Conference offers teens tools for defending faith

KINGSTON, ON—Canadian and American youth groups are joining together on October 3 for a live simulcast conference on defending their faith.

Titled "The Big Dig" and hosted by Focus on the Family, the conference features Lee Strobel and Mark Mittleberg. It aims to help equip teenagers and their parents to tackle tough questions on Jesus, the Bible, relativism and science—and also help them learn to handle tough people.

Carol Tomalty wanted her teenage sons to be able attend the conference, so she approached her church, Bayridge Alliance, about hosting the event.

"Both of my kids are in high school," Tomalty says, "and I think they need to know how to defend their faith in a way that makes sense. When people think of apologetics they think of something that is boring and confrontational, but it's not that at all. It's just being aware of the amazing way we can use the same rules of evidence that scientists do to defend our faith."
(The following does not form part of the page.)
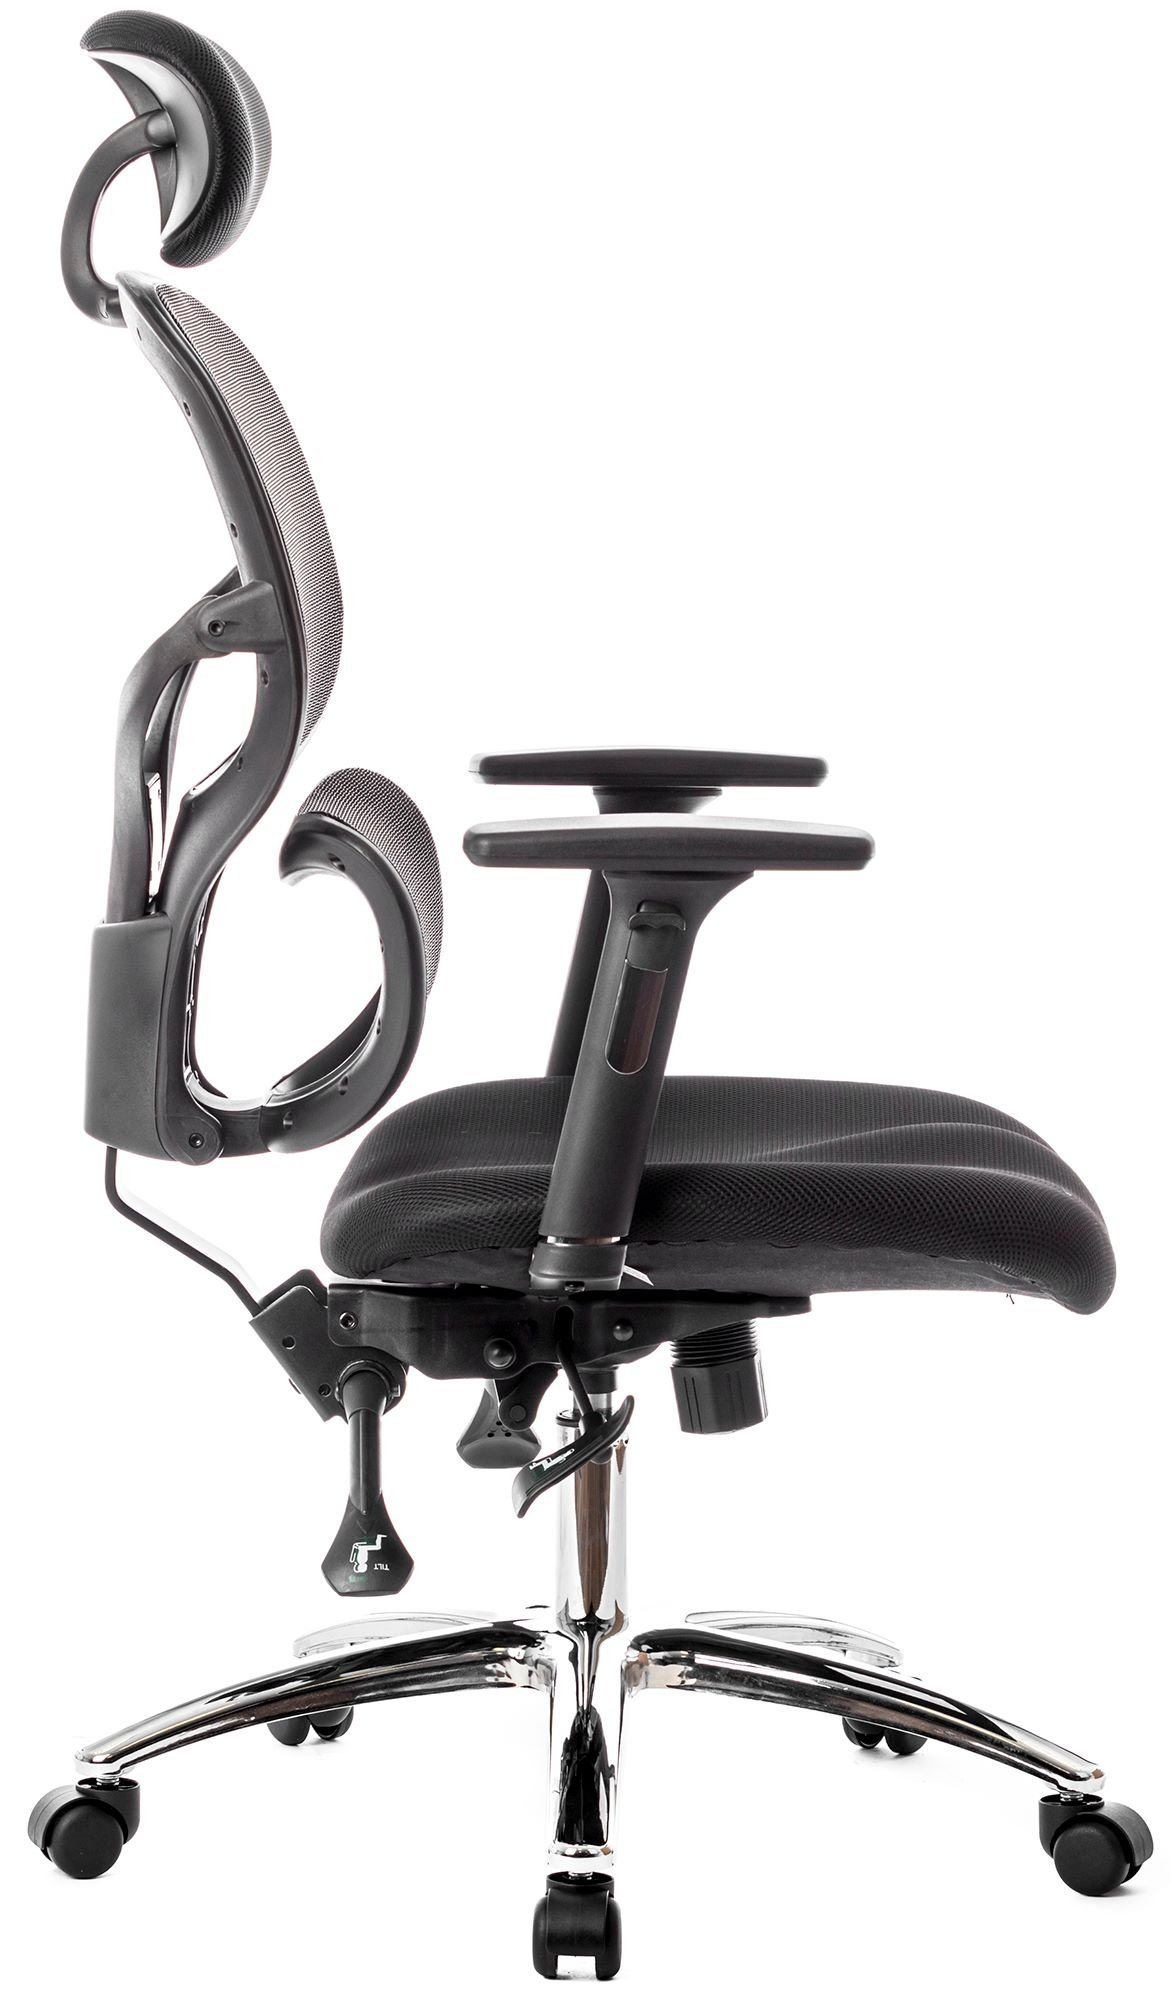 Desire Ergonomic Mesh Office Chair With, Desire Ergonomic Mesh Office Chair With Headrest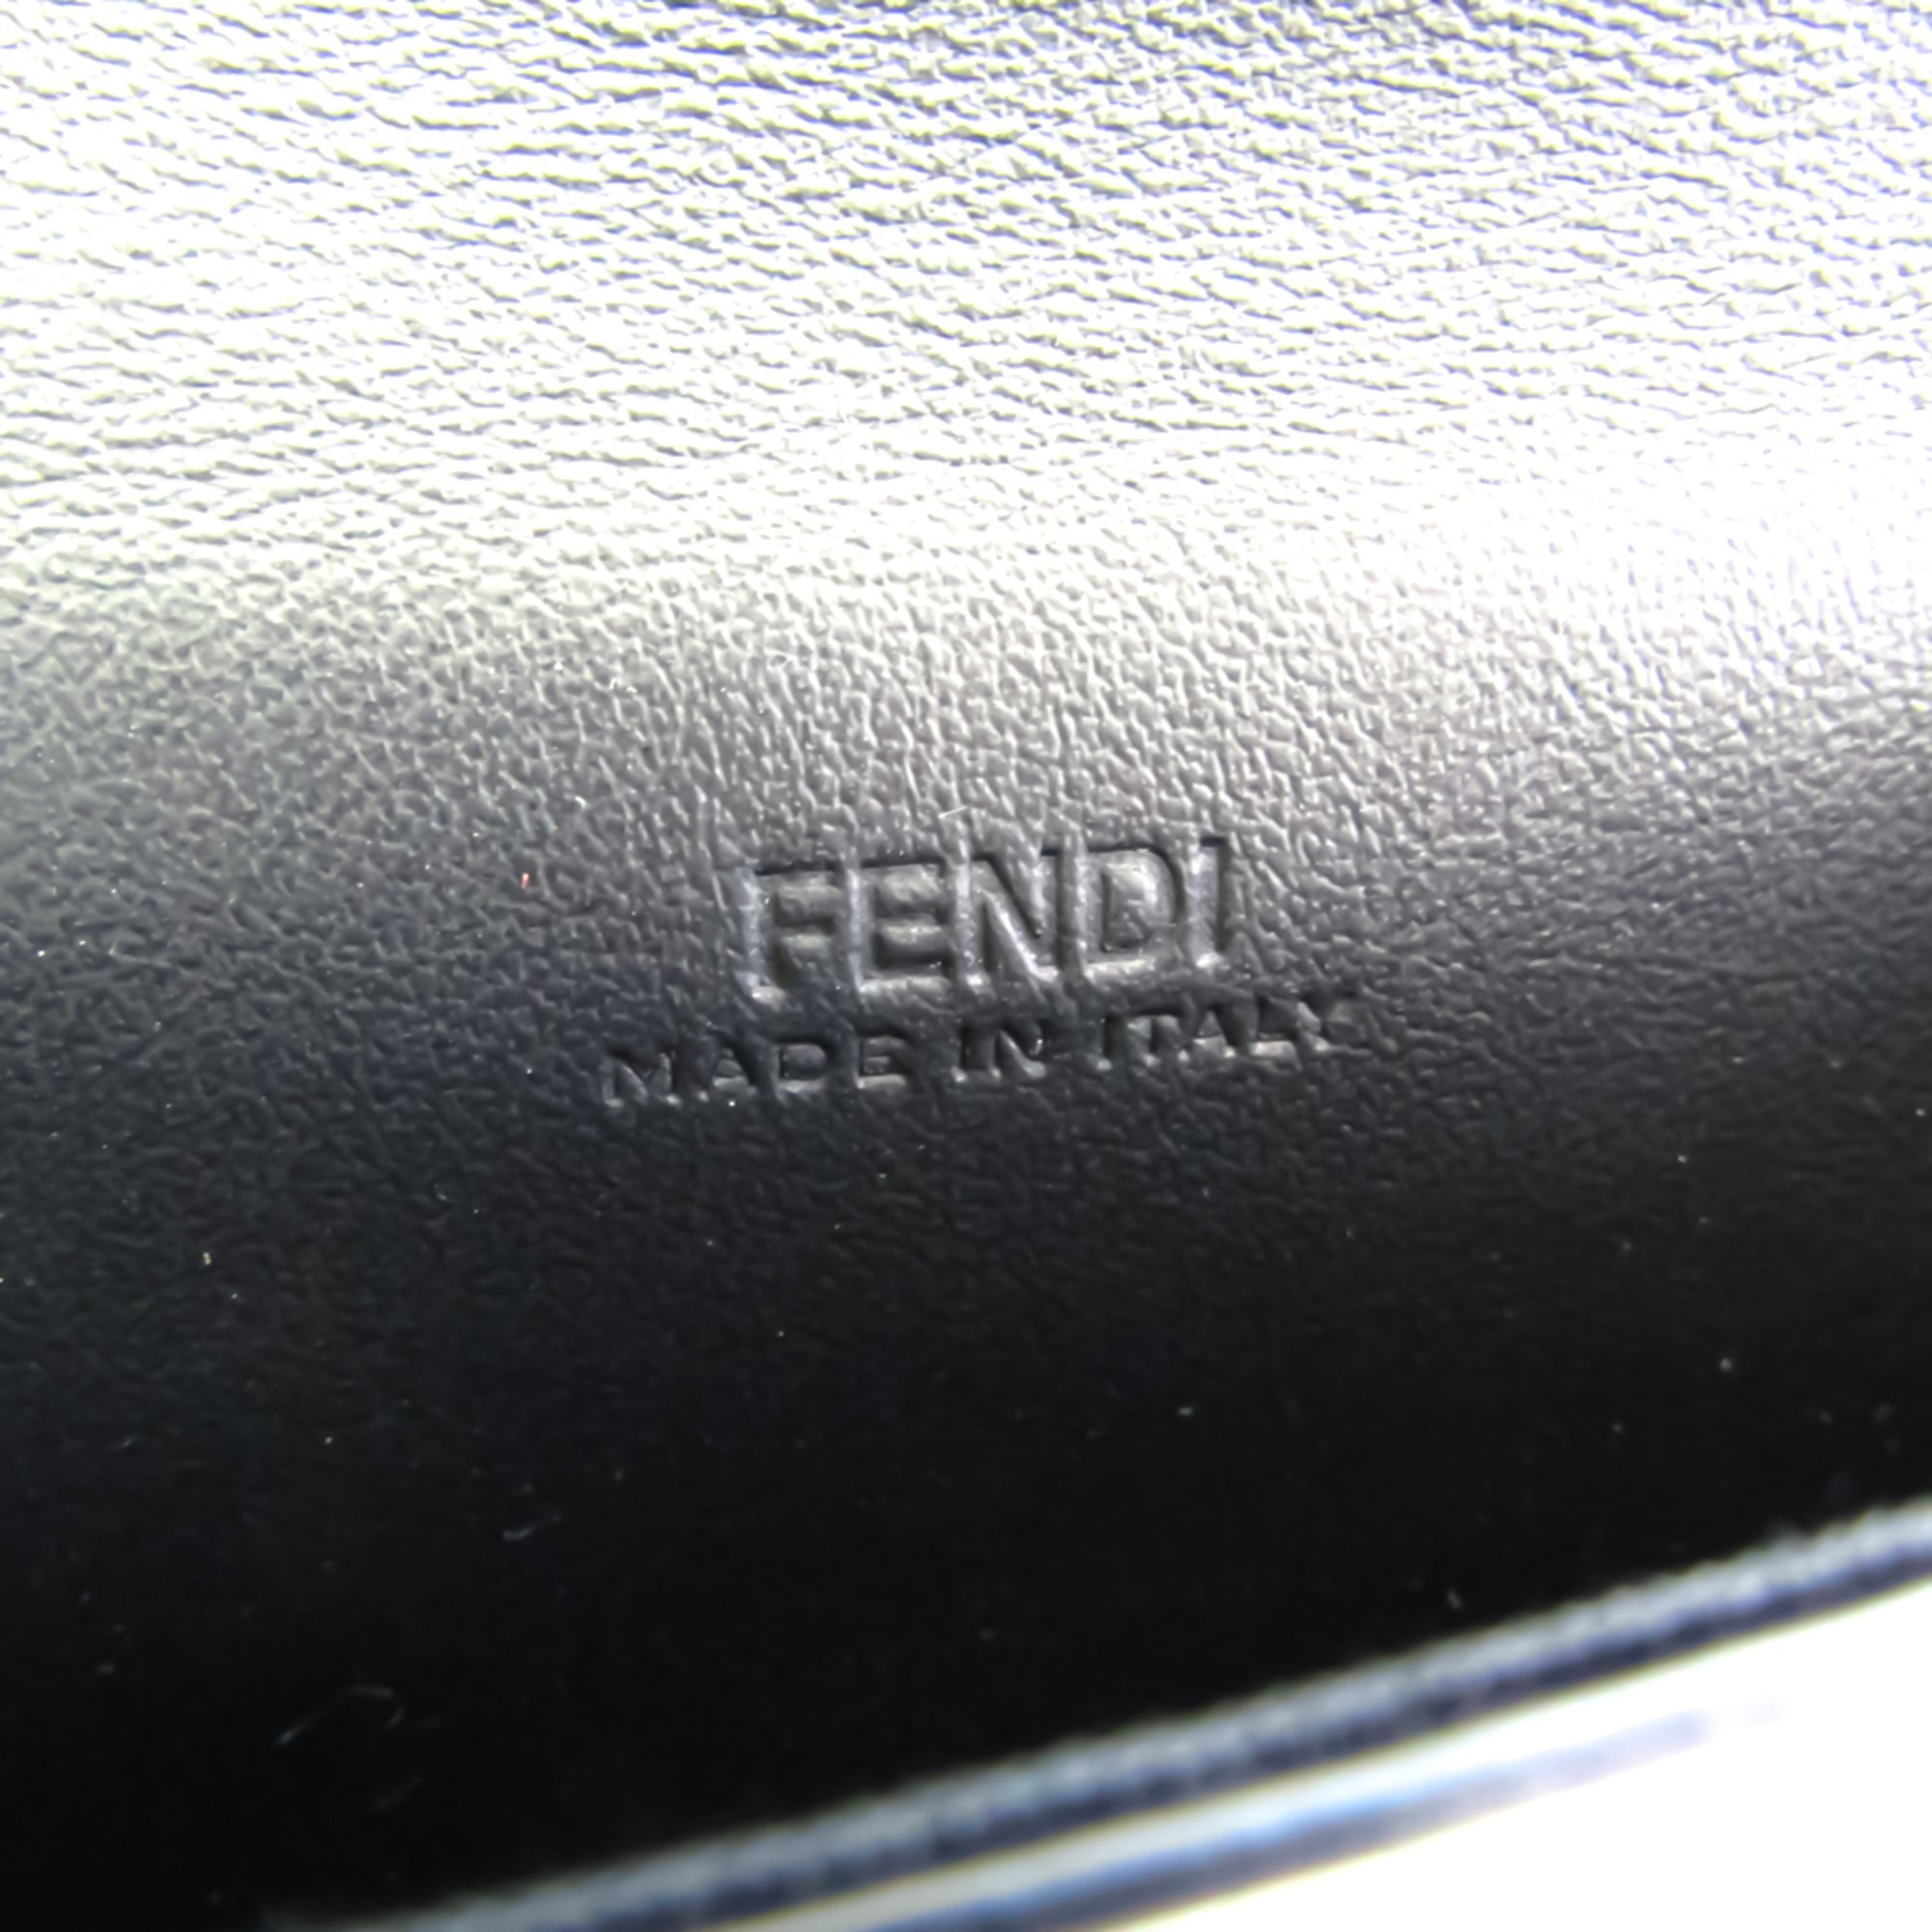 Fendi Leather Phone Rugged Case Black

This is the first year Focus on the Family will run a simulcast of the event, which originally took place in the summer. Bayridge is one of three Canadian churches showing the simulcast, along with churches in Sault Ste Marie and Halifax.

"If one has a belief, they are responsible for defending it," says Tomalty's 16-year-old son, Chris. "While we are taught to live by faith, reason must be employed to show that this is not merely superstitious nonsense, but a clear and intelligent view on the world around us."

His brother Garrett, 14, says he hopes the event will answer the question, "What is the point of being a Christian in this day and age?"

"People always concentrate on being defensive about things," he says. "Christians are still thought of as weak and desperate to share. If we defend our faith, people may change the way they think."

Leon Wirth, director of youth outreach at Focus on the Family, says, "It's never too early to start preparing young people for spiritual independence. We don't want to neglect it now and then clean up the pieces of their spiritual journey later in life.

"This generation has a great reverence for questions. But when they are void of any good answers they will either fill in the blanks themselves or throw up their hands in the air and say, 'There must not be any answers.'

"Sometimes the ill-equipped Christian can be just as harmful as the opposition. Like Job's friends got some things right, but they were no help to Job, because they grossly misapplied those facts and wound up hurting the relationship instead of helping.

"We all encounter questions and pain points in our lives that just throw us for a loop. We want to equip young people to withstand the challenges, pains, and doubts that others will throw at them, and that they will go through themselves in life.

"It is about how we equip people in relationship to have conversations that are effective – to give them reason for hope, reason to believe, and reason for faith, that is practical, solid and dependable."